4.0.2 To this end MEPUK made a submission
detailing its concerns to HM Treasury as part of the informal
consultation on the Government's proposals which closed on 5 June.
4.0.3 Summaries of our main concerns are
described in the following sections.
4.2 Nature of Proposed Licensing Regime
4.2.1 In seeking to frame a response to
the proposed establishment of a licensing regime MEPUK is hampered
by the fact that no detailed proposal has yet been issued by HM
Treasury to which we can frame an informed response.

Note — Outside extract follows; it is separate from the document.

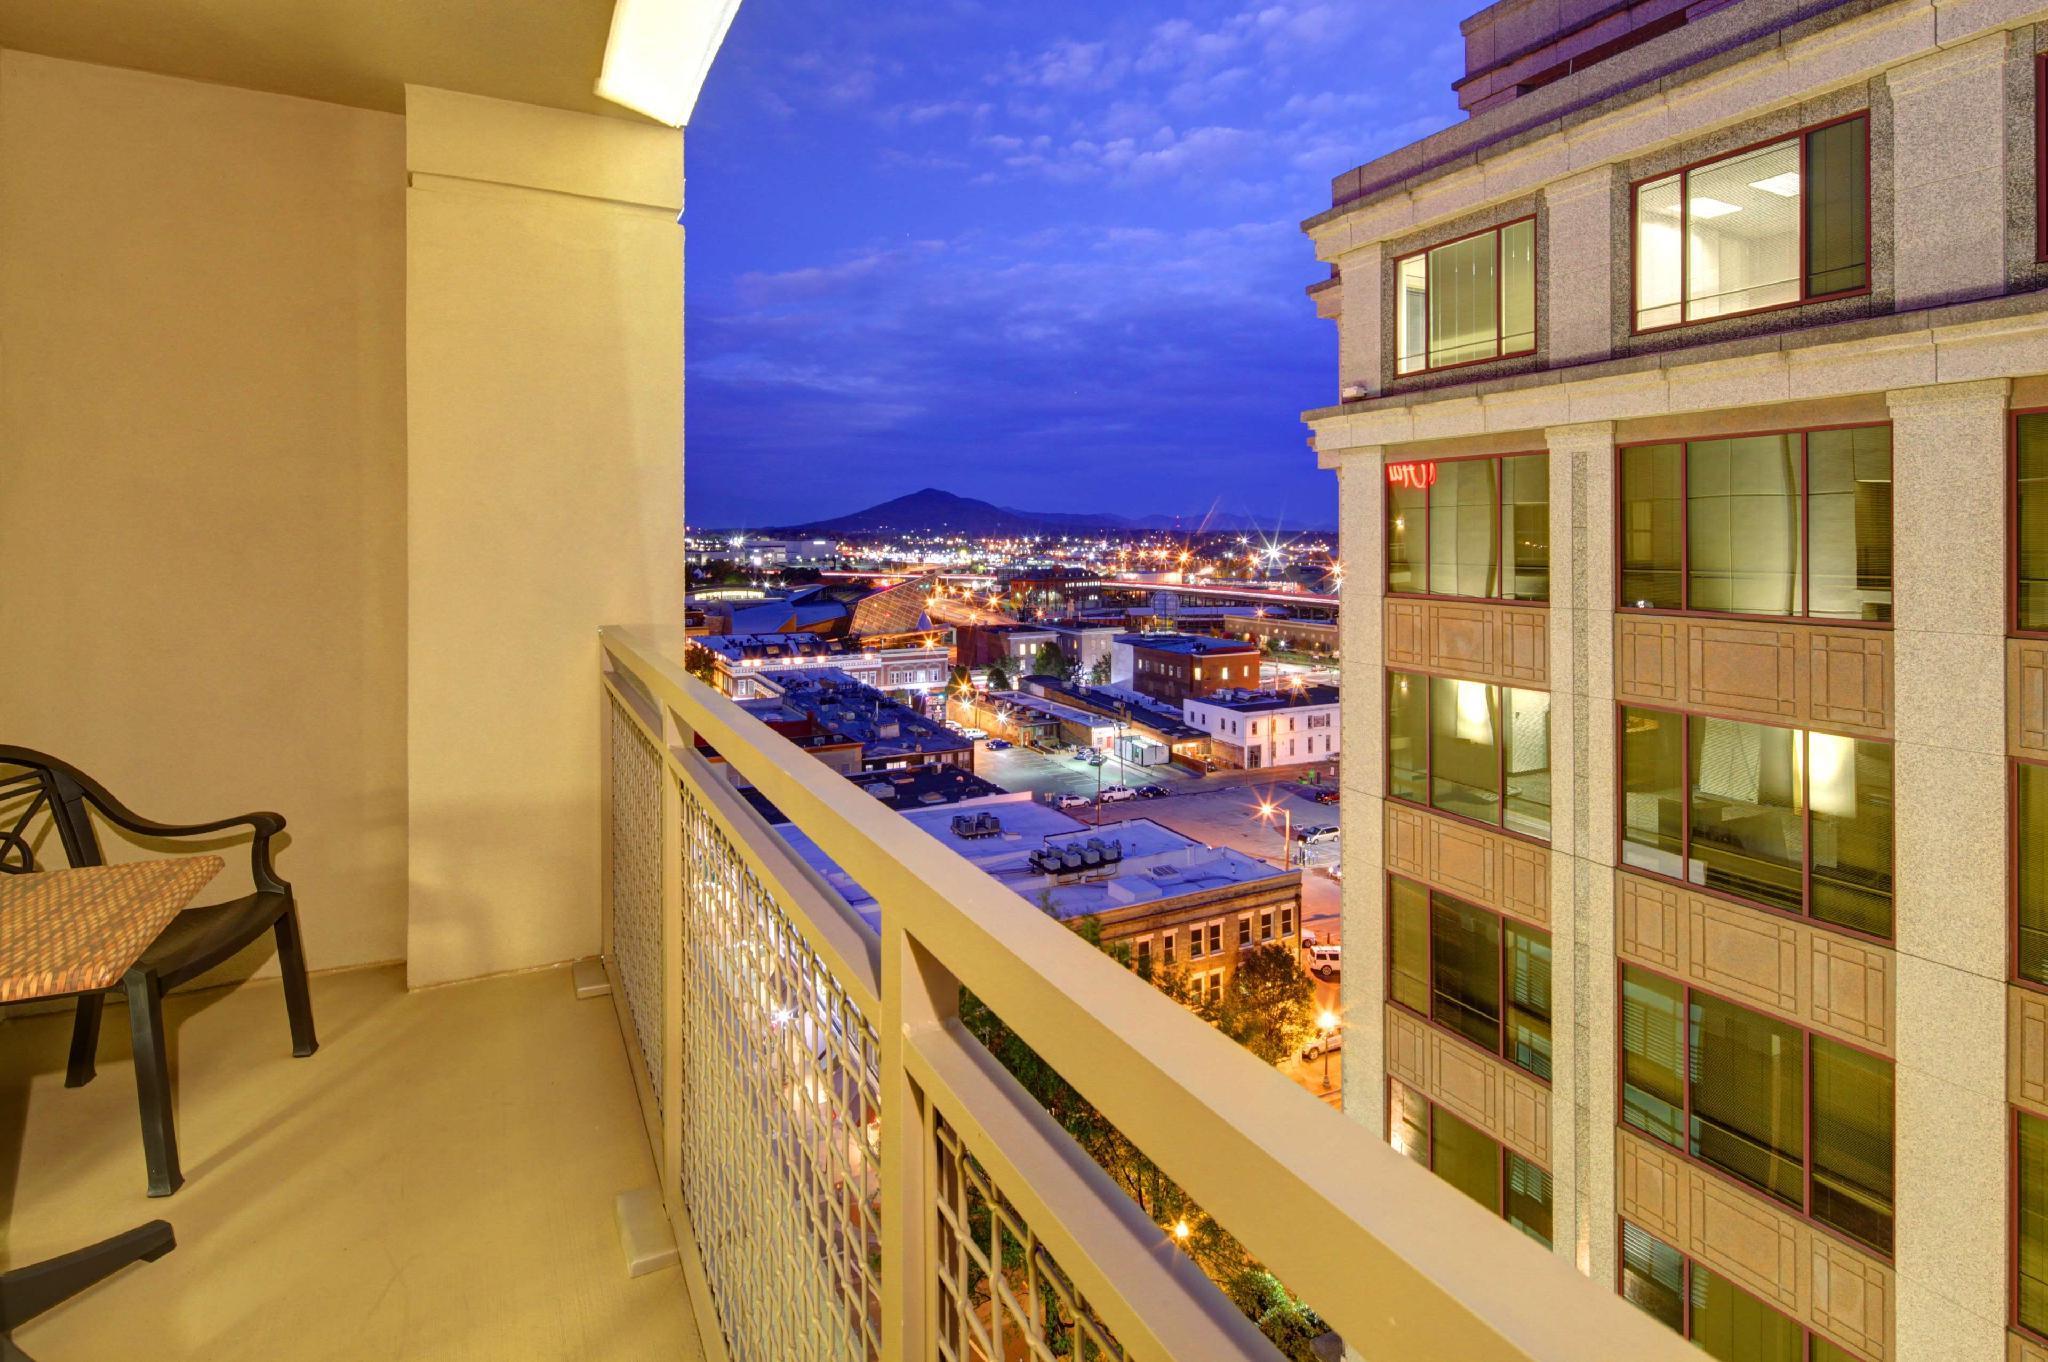 Hampton Inn and Suites Roanoke Downtown, Roanoke City

4.2.2 Two possible structures have been
mooted.
4.2.3 The report on Competition in UK Banking
suggested that a sector-specific utility type regulator in the
mould of Oftel or Ofgem was envisaged, with on-going rule making
powers to police the activities of those companies active in the
payment services industry.
4.2.4 MEPUK's current understanding is,
that although no options have yet been ruled out by HM Treasury,
they are also considering introducing class licences to cover
participation in payment card schemes.
4.2.5 Should either, or indeed a combination
of the two, be introduced, MEPUK harbours serious concerns about
their appropriateness to the card payment industry. There are
also concerns regarding the workability of a licensing regime
operating solely in the UK but which is seeking to regulate schemes
that are International in nature.
4.3 Inappropriate Regulatory Model
4.3.1 The Banking Review Recommendation
to establish a licensing regime for payment systems is driven
by an assertion that such systems are "similar to other utilities".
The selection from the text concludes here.